Ransomware

What is Ransomware?
Ransomware is computer malware that encrypts the files on your PC, making them (and often your whole computer) unusable.  It may also encrypt files on network drives that you have access to, like your N: drive.  You regain access to the files by paying a ransom to receive a decryption key.  In 2016, Ransomware was estimated to be a $1 Billion business.

How does my computer get ransomware?
Commonly, your computer can be infected with ransomware when you click on a link that allows the program to load.  Usually, it’s in a targeted phishing email, but sometimes attackers can secretly load malware onto web pages or even advertisements on legitimate webpages.

How do I know if my computer is infected?
You will see a pop-up screen instructing you to go to a webpage or, more likely, to call a phone number.  Yes, the bad guys have call centers.  You may also get “file not found” messages for files that you know exist, or you may see files with their names or file types (.docx, .xlsx, etc.)  changed.

What do I do if my FIT computer gets infected?

  1. Do NOT contact the attacker or pay the ransom. You will be giving your credit card information to criminals.
  2. Take as many notes and screenshots as you can within 3 minutes to help you remember what happened.
  3. Remove your computer from the network; unplug the ethernet cable and turn off WiFi. Do not shut it off.
  4. Contact TechHelp

How do I prevent ransomware?

While you can’t prevent this threat entirely because cybercriminals continually think up new schemes, there are some things you can do to significantly reduce the risk and impact of being infected.

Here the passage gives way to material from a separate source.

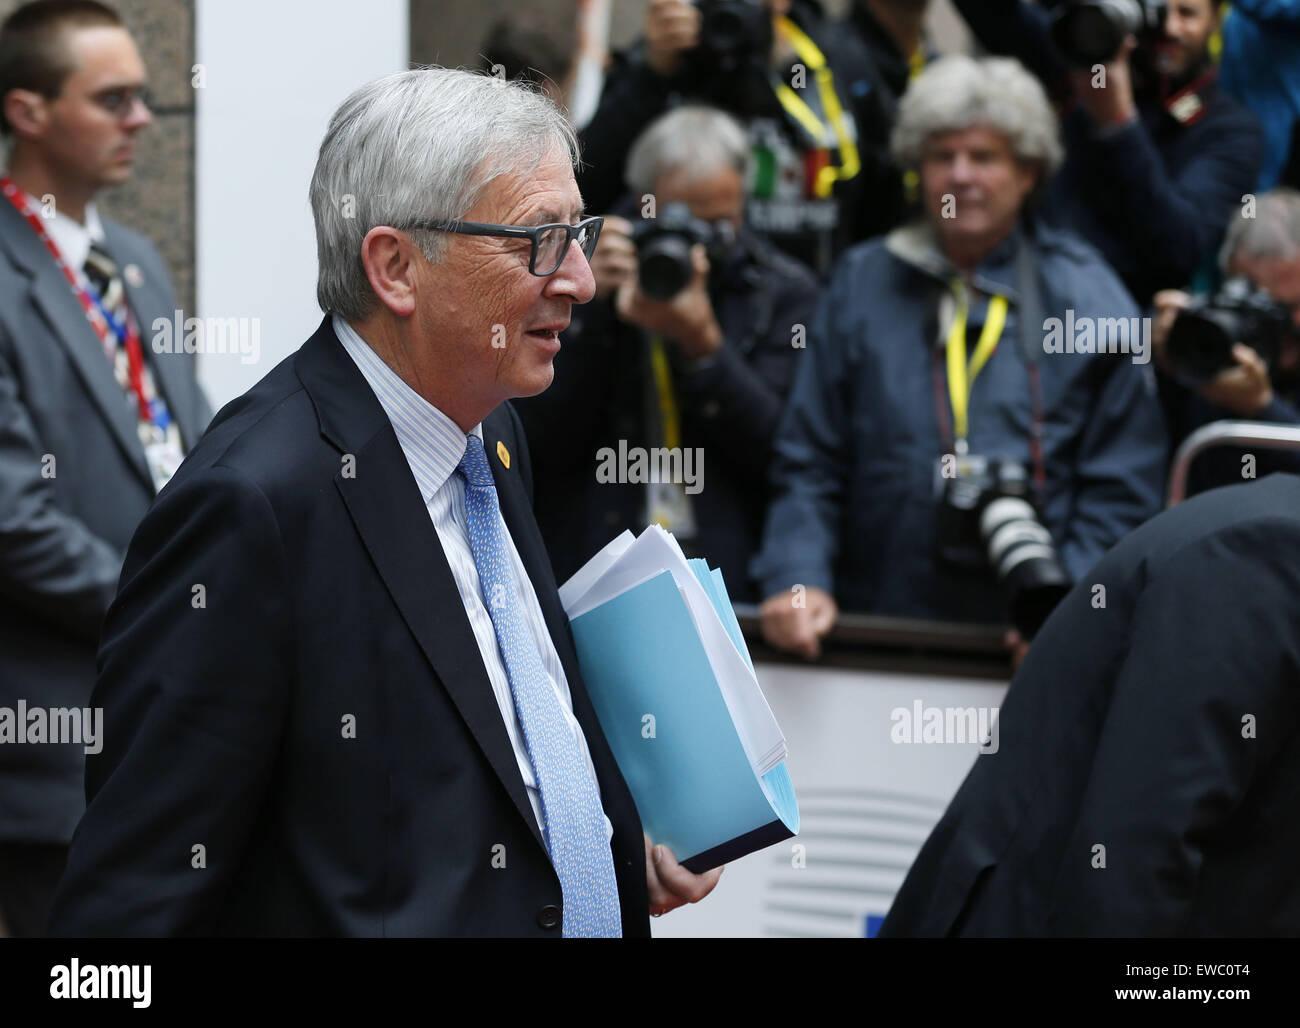 Brussels, Belgium. 22nd June, 2015. European Commission President Jean-Claude Juncker walks out of the European Stock Photo
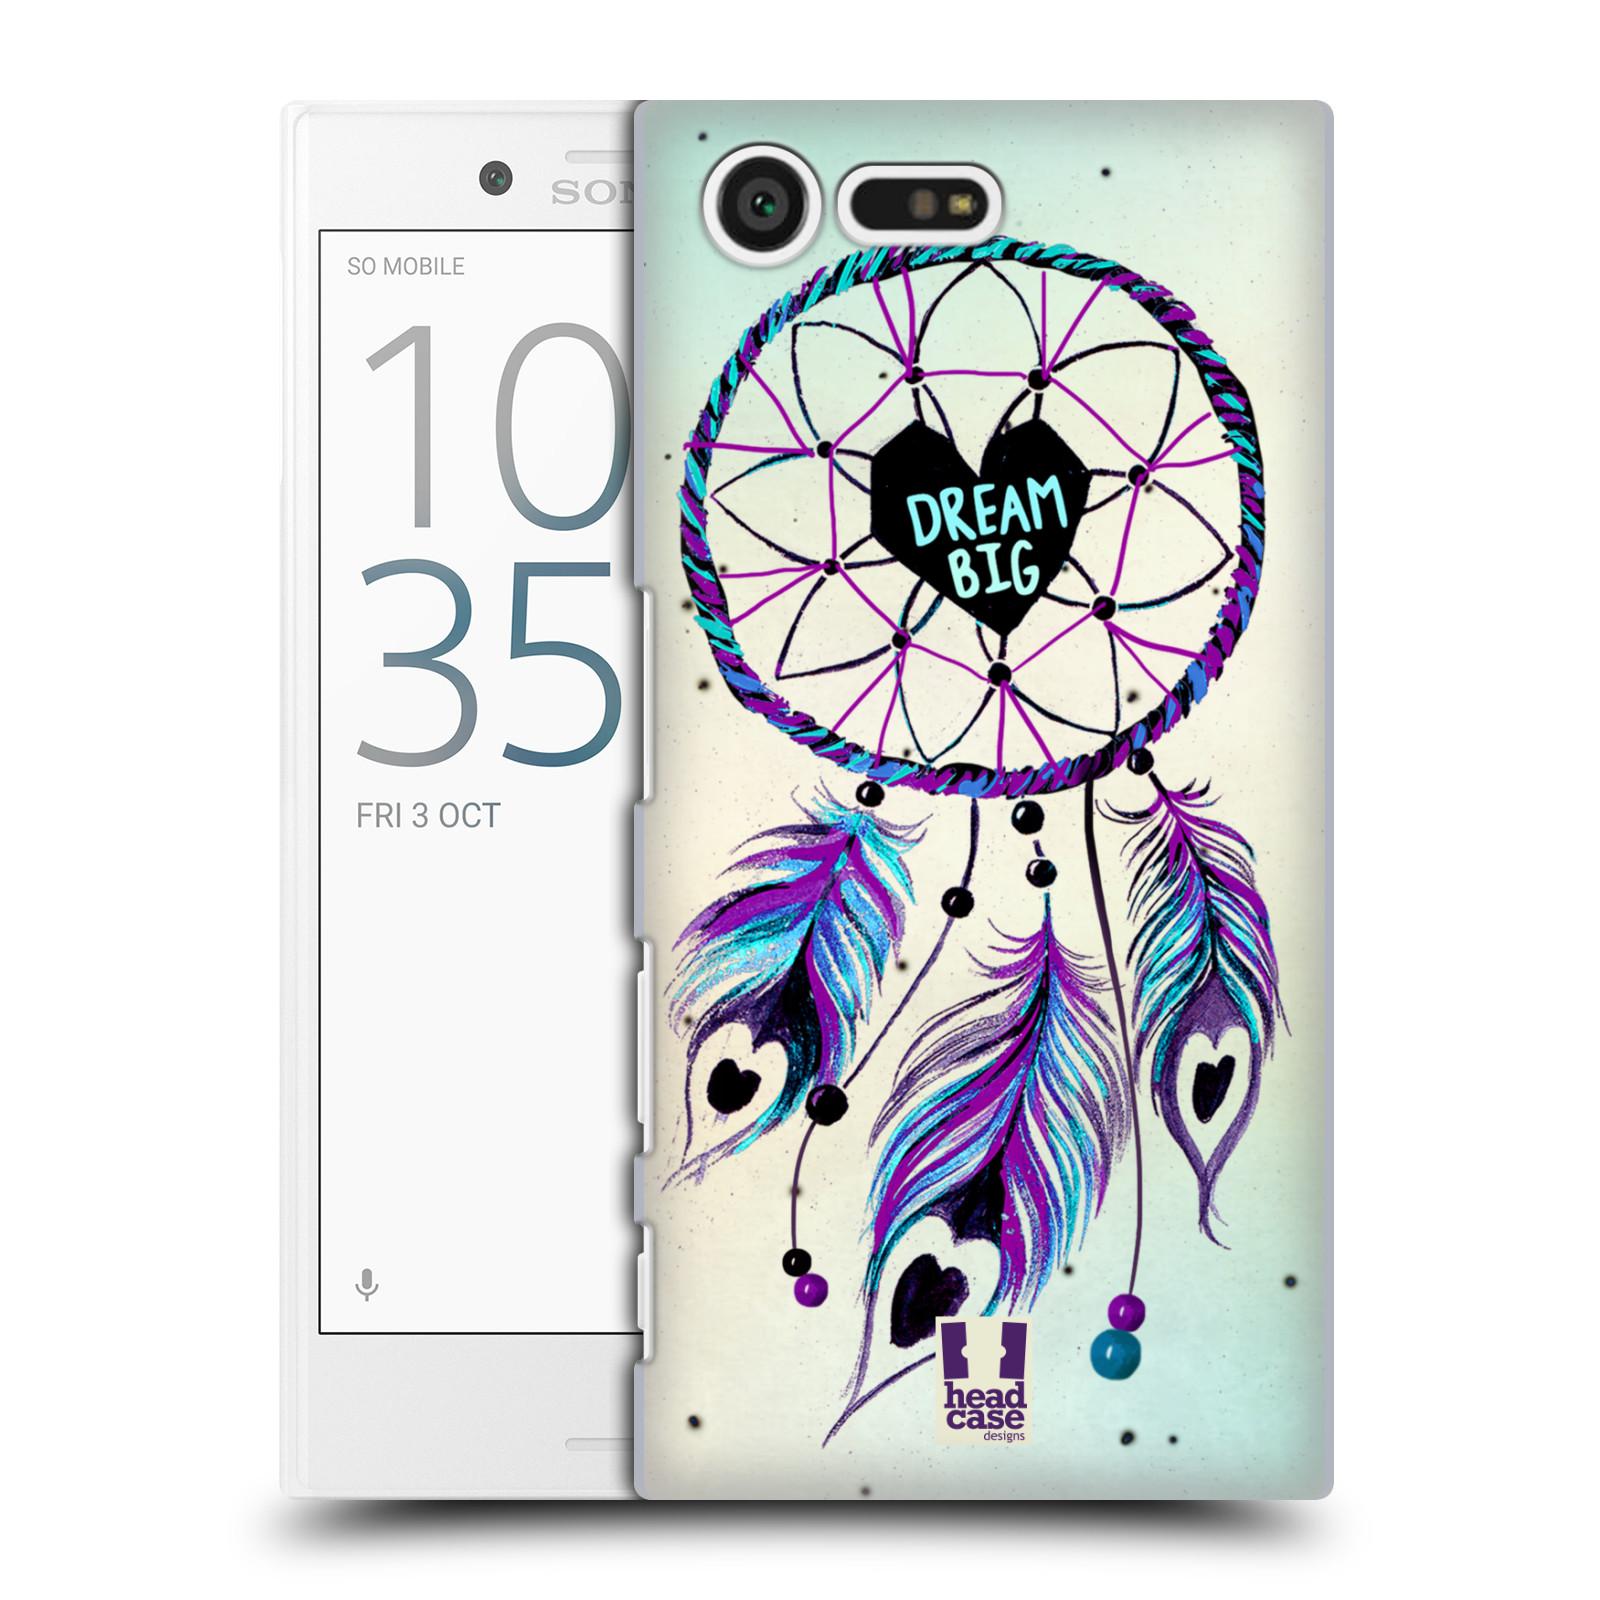 Plastové pouzdro na mobil Sony Xperia X Compact HEAD CASE Lapač Assorted Dream Big Srdce

  1. Follow all the tips on the IT for FIT Cybersafe page and don’t click on links or emails that are from strange people or that don’t make sense.
  2. Don’t store FIT work on your computer’s local drive. Use the N: drive, Google Drive, or a departmental share.  The N: drive is backed up, and if the files become encrypted, IT can get them back.  If your local drive becomes encrypted, the files are irretrievable.
  3. On your personal computer, regularly back up your files to a USB drive that you only attach to the computer when you’re taking a backup, or use a cloud-based backup service.
What does IT do to prevent ransomware?
  1. We keep your anti-virus software current.
  2. We are limiting the number of individuals with administrative rights. Ransomware often is unable to load if the user is not signed in as an administrator.

Following a few simple guidelines can help make FIT Cybersafe.